** EXERCISE DESCRIPTION **
Look below for the line containing "Die Lampen haben"; write out that line and each one after it to the end, exactly, and nothing else.

** RAW DATA **
● ● ● ● ● ● ●

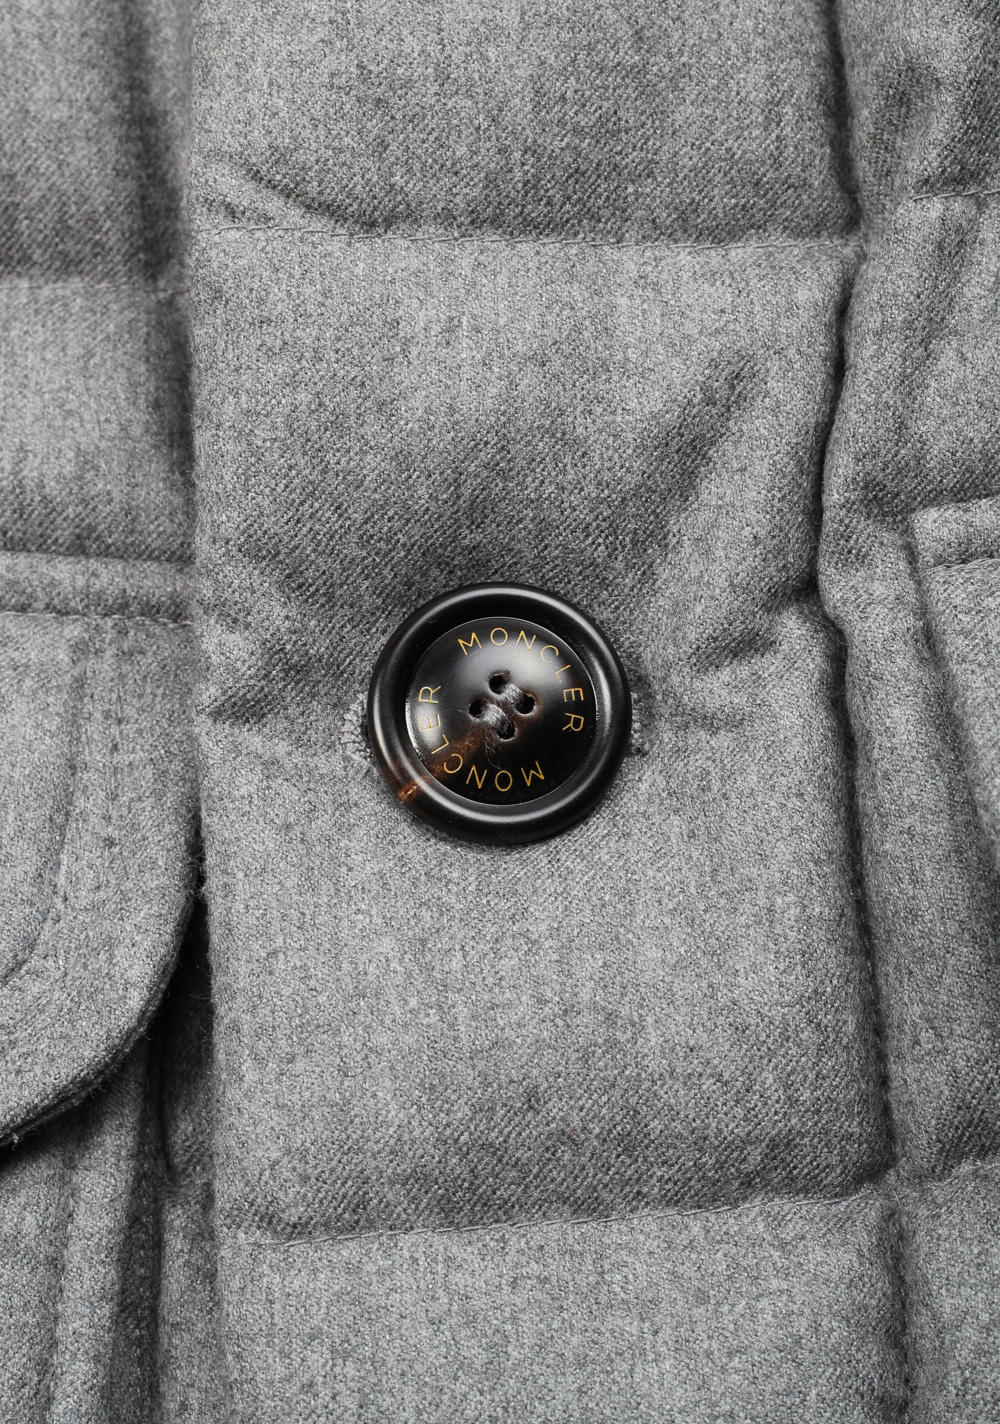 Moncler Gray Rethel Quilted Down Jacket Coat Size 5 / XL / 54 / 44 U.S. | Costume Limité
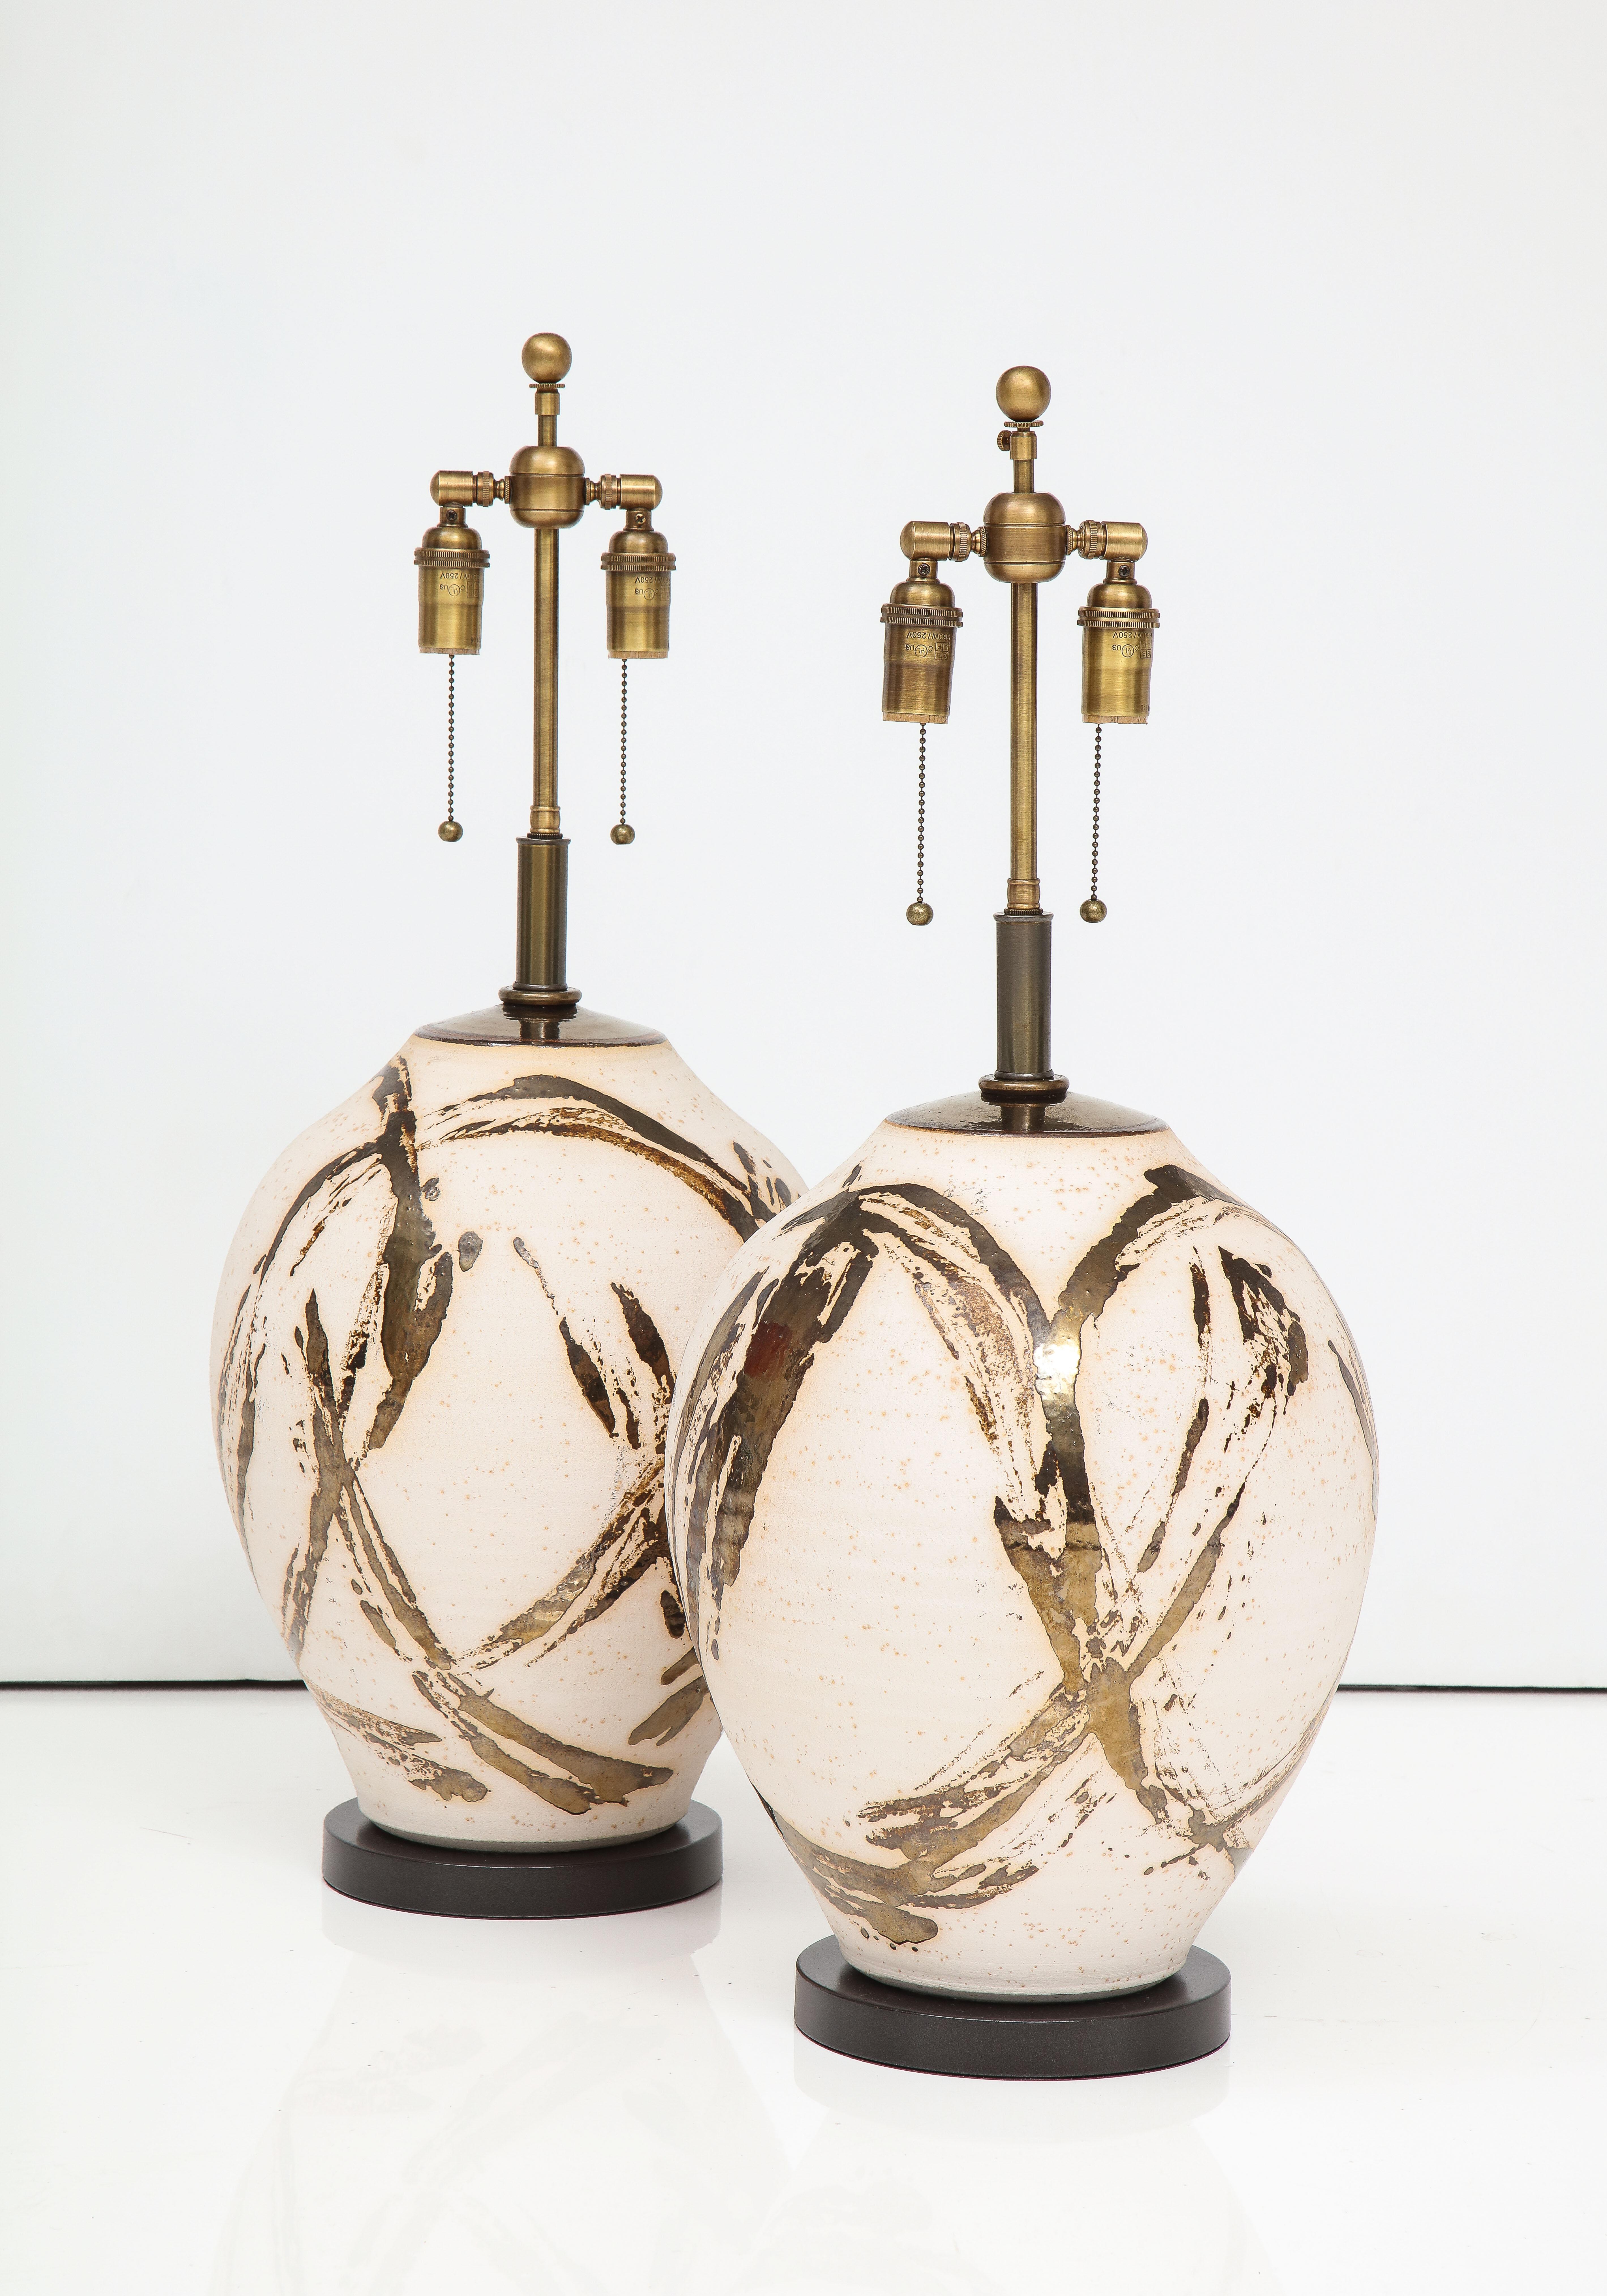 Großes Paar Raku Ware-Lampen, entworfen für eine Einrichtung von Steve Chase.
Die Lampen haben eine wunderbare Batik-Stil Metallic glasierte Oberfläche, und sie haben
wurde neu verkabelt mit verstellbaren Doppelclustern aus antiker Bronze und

● ● ● ● ● ● ●

** RESULT FOR THIS TASK **
Die Lampen haben eine wunderbare Batik-Stil Metallic glasierte Oberfläche, und sie haben
wurde neu verkabelt mit verstellbaren Doppelclustern aus antiker Bronze und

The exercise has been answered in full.